Wednesday, 17 August 2011

トワイライトQ / Twilight Q

What a peculiar little piece of animation the Twilight Q OVA episodes are. I don’t know exactly when or where I got hold of these 1986 episodes, but it was at least two years ago. Very mysterious, I’m sure you’ll agree. With the title drawing immediate comparisons to The Twilight Zone, the episodes also revolve around mysterious supernatural events, and are rather unimpressively realised and unveiled. The biggest mystery about these two half-hour pieces are why they both fall under the same title at all – the only thing they share is the element of empty mysteriousness masquerading as something clever and sophisticated, and the concept of things slipping in time in ways that cannot be explained. Otherwise, they are extremely different, in art style, setting, execution, humour and characterisation – they are even animated by two entirely different studios – the first by Ajia-Do Animation Works, and the other by Studio Deen, back when the only series that had distinguished them were the second half of Urusei Yatsura and Maison Ikkoku.
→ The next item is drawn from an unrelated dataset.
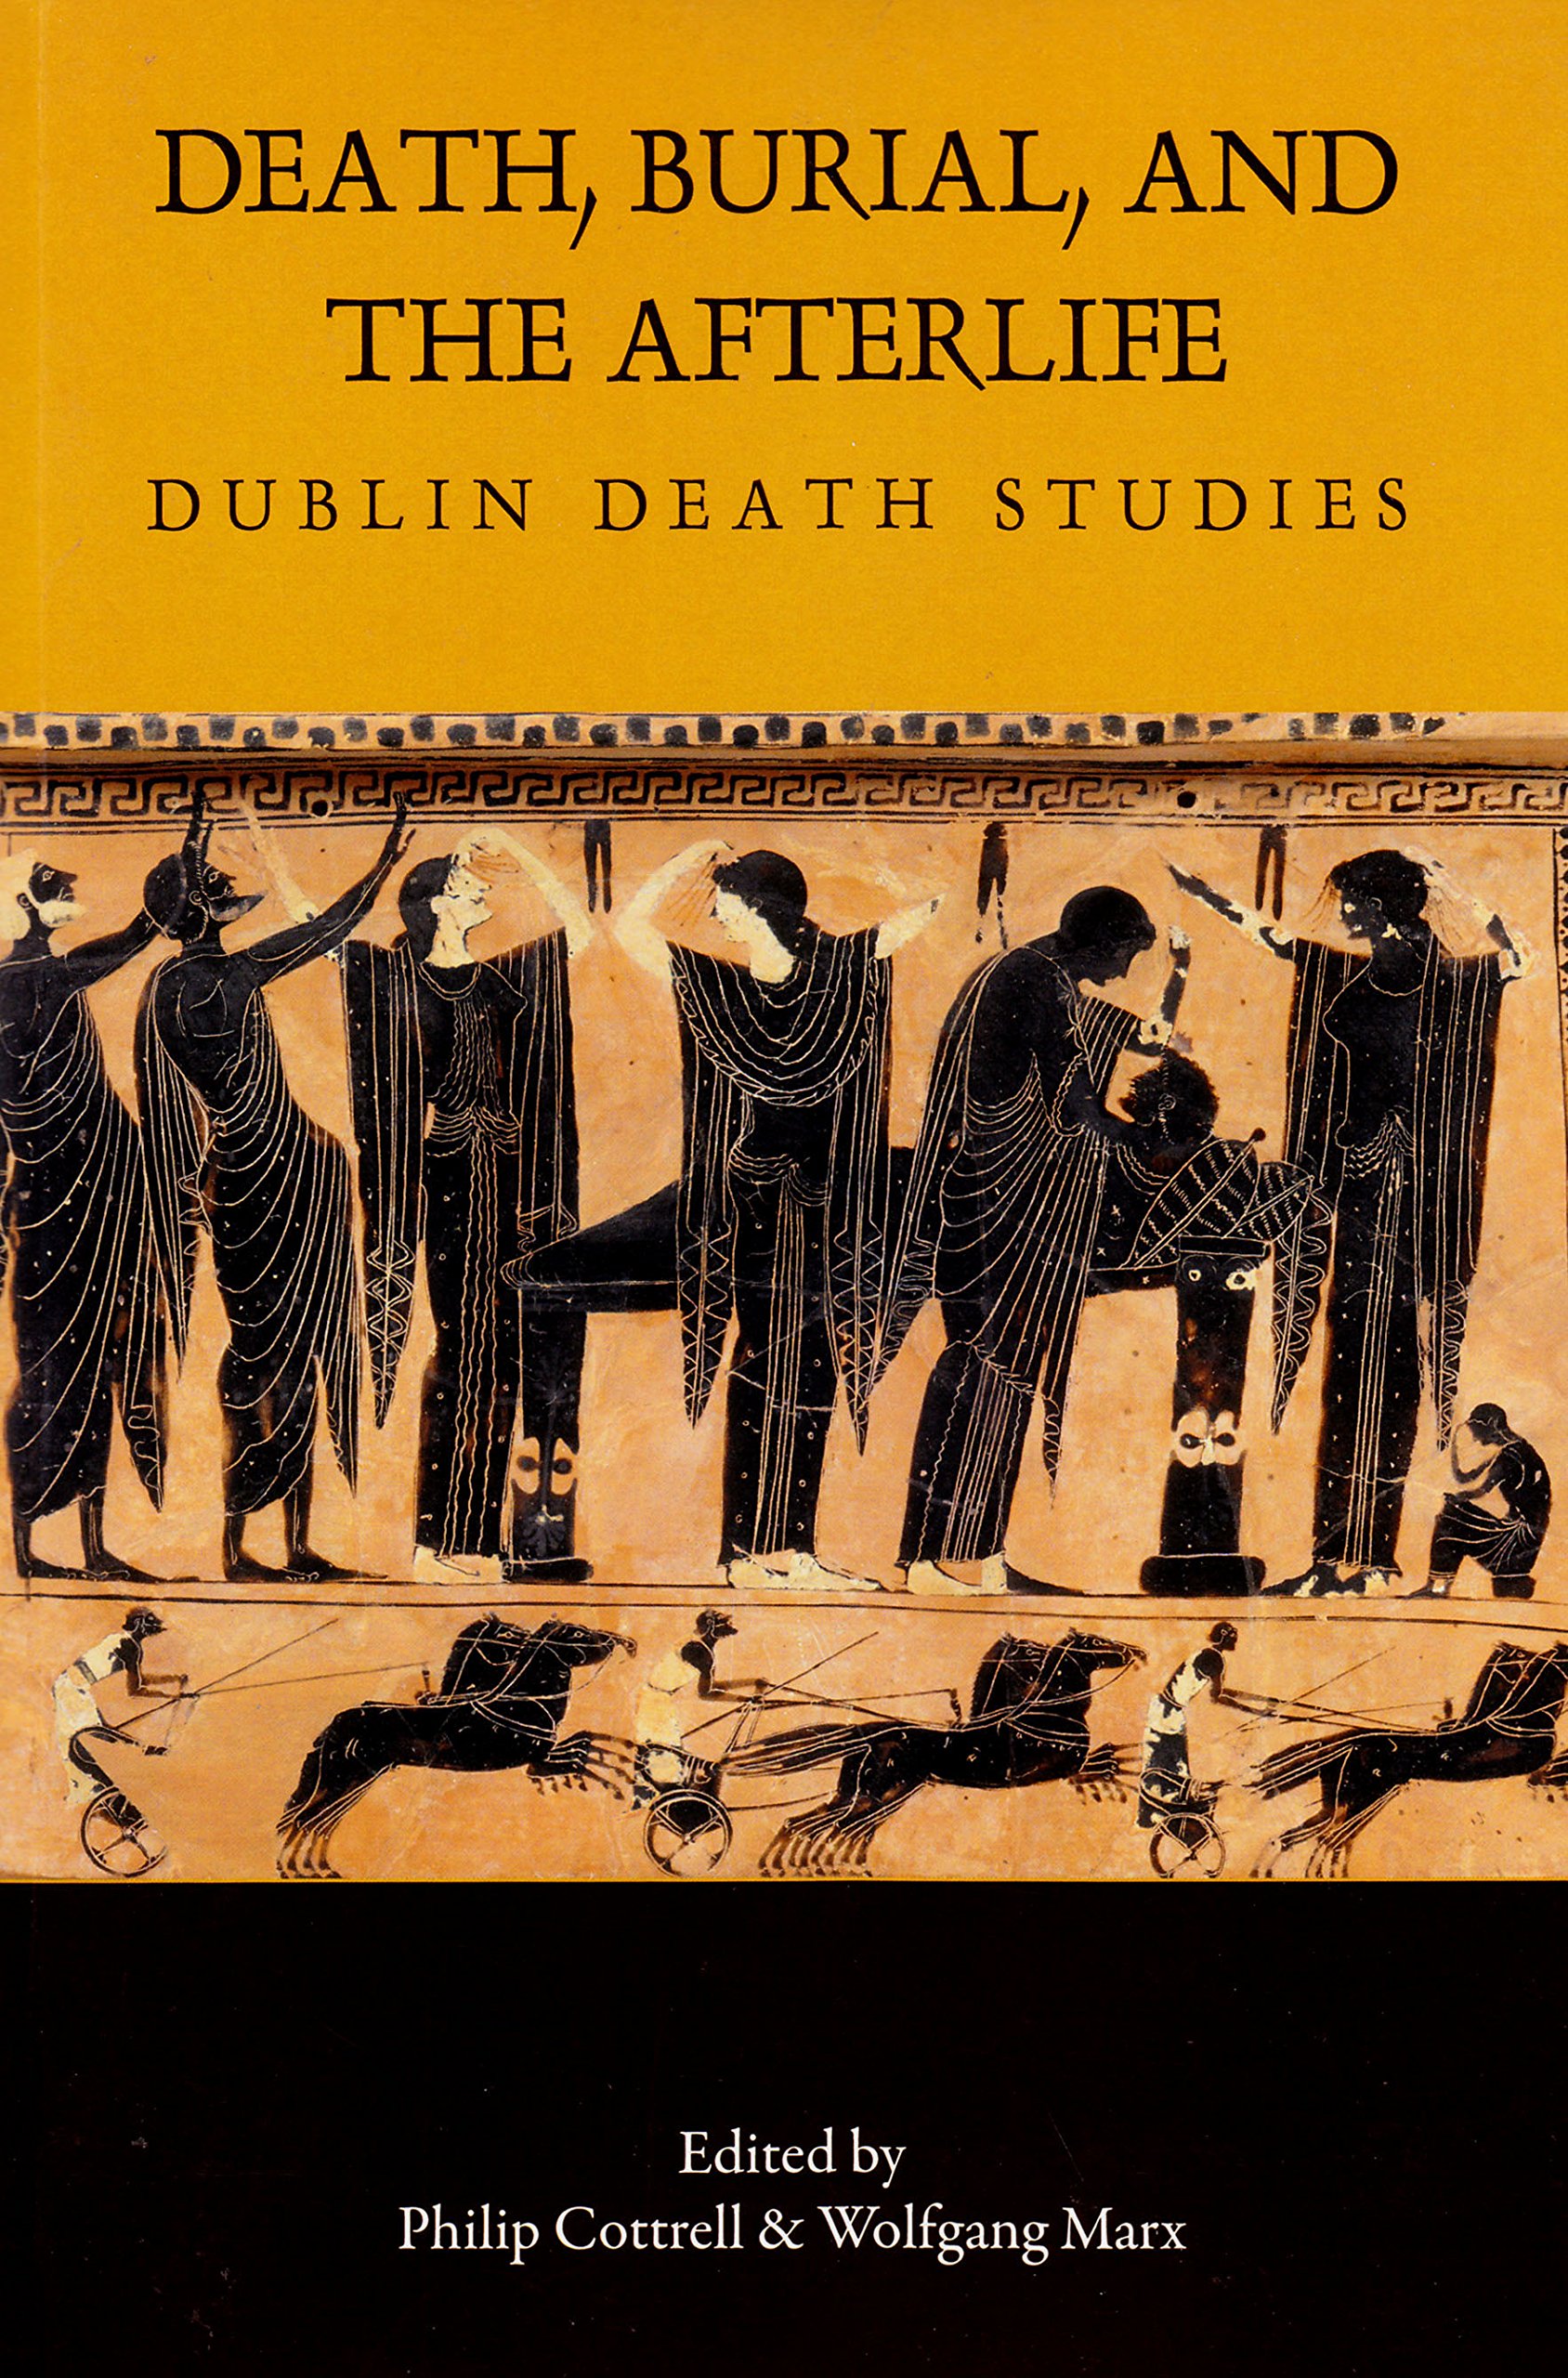 Death, Burial, and the Afterlife: Dublin Death Studies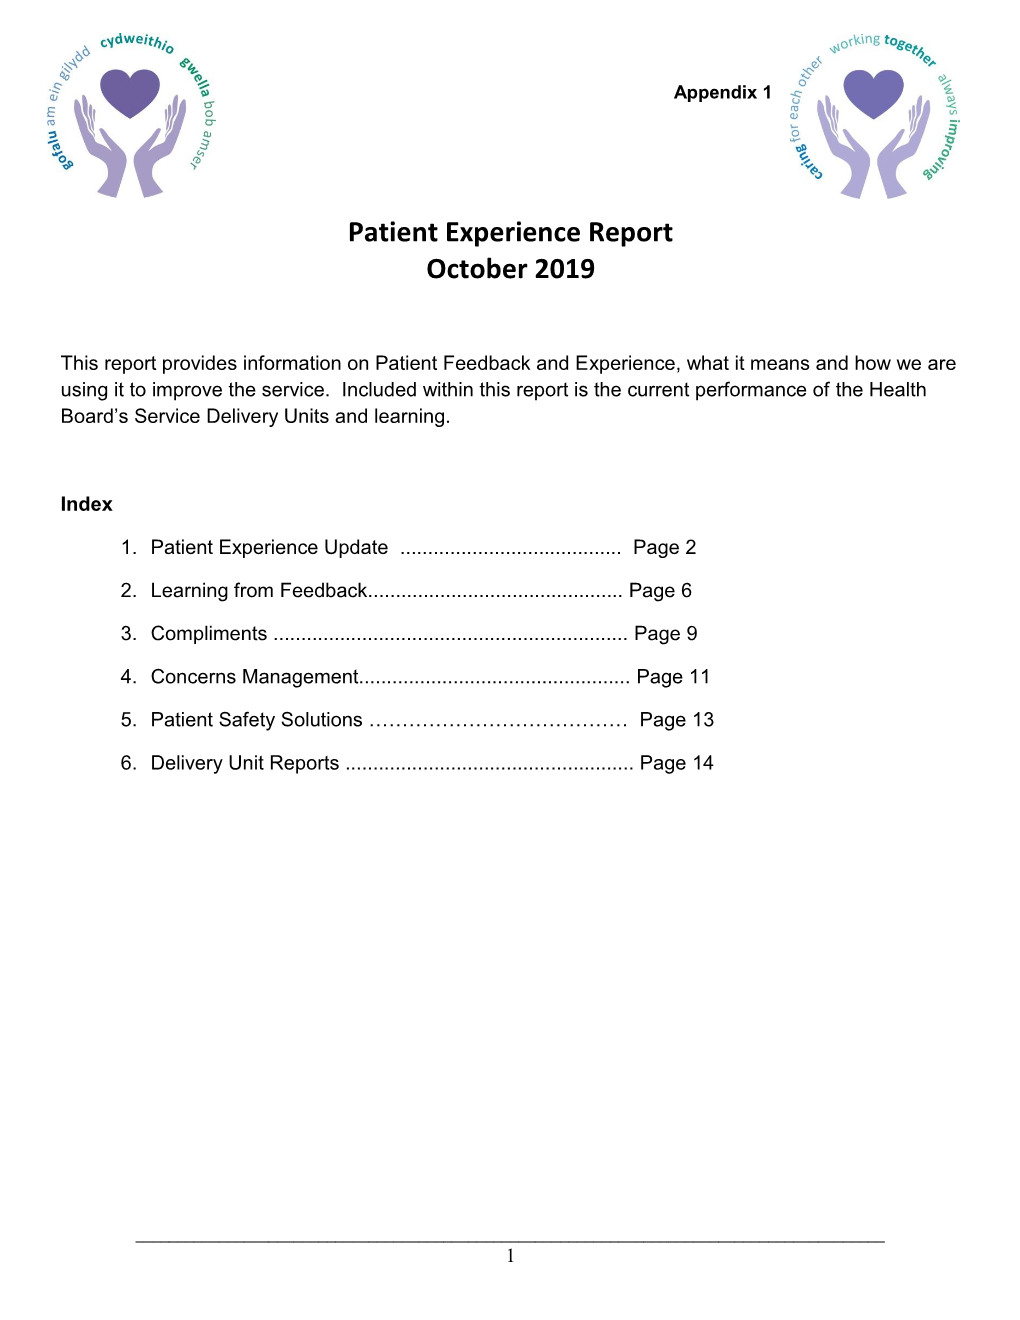 Morriston Hospital Service Delivery Unit Incidents: 1St July – 30Th September 2019 2213 Incidents Were Reported with the 3 Top Themes Being:

Possibly the reason I originally thought to check out the OVAs was that the second was directed by Oshii Mamoru, famous for his Ghost in the Shell work, Patlabor and more recently Sky Crawlers. If anything, though, the second episode was the less engaging and intelligent one, though it was the one that took more risks, and more experimentation might have made Twilight Q truly memorable rather than a bit of ephemera connected to some big names.

The first episode revolves around a camera found by two girls on a beach. A picture of one of the girls is on the film, with a boy she has never met, and it soon transpires that the camera is still in a pre-production phase and ought not to exist yet. As the plot thickens, the camera ends up disappearing in a disappointingly lame scene, and ultimately it becomes clear there is no explanation beyond magical time warps. However, the mini-episode is at least engaging and brisk, and the inevitable final scenes give a sense of closure, at least in the story’s own terms. The art is also rather nice, extremely 80s in design but at least showing why the way characters were drawn in the 80s came about, still looking cute and appealing today – where so many 80s designs look hideous.

The second episode only really has three significant character designs – or two, depending on how you look at it – and they are meant to be comedic rather than pretty. One is a toddler drawn in more or less SD style, with a huge head about the same size as the rest of her body, enhanced by a big helmet. She lives wearing only the helmet and a t-shirt with her father, a filthy man who looks like a clichéd anime burglar or some such, and does nothing all day. Meanwhile, a private investigator is hired to look into the strange father-daughter pair from the room next door, and begins to suspect the man is also a private eye. Or perhaps one or the other doesn’t exist, or indeed, none of it does, but it is all a plot made up by a novelist to give him an escape from his own stifling life. Multiple levels of reality are toyed with, coupled with some very heavy-handed imagery featuring parallels between a koi carp, the child and aeroplanes that have been disappearing. It is full of good ideas, and certainly the multiple levels of reality make for a more engaging mystery than magically-appearing cameras from the future, but ultimately there is the same hollowness at the core, and the characters and setting are far less accessible and appealing than in the first segment, making this one by far the duller one.

I feel glad to have seen what seems a fairly significant piece of anime history, for its length, but I can’t say I hold Twilight Q in high esteem, or would care much for a repeat viewing.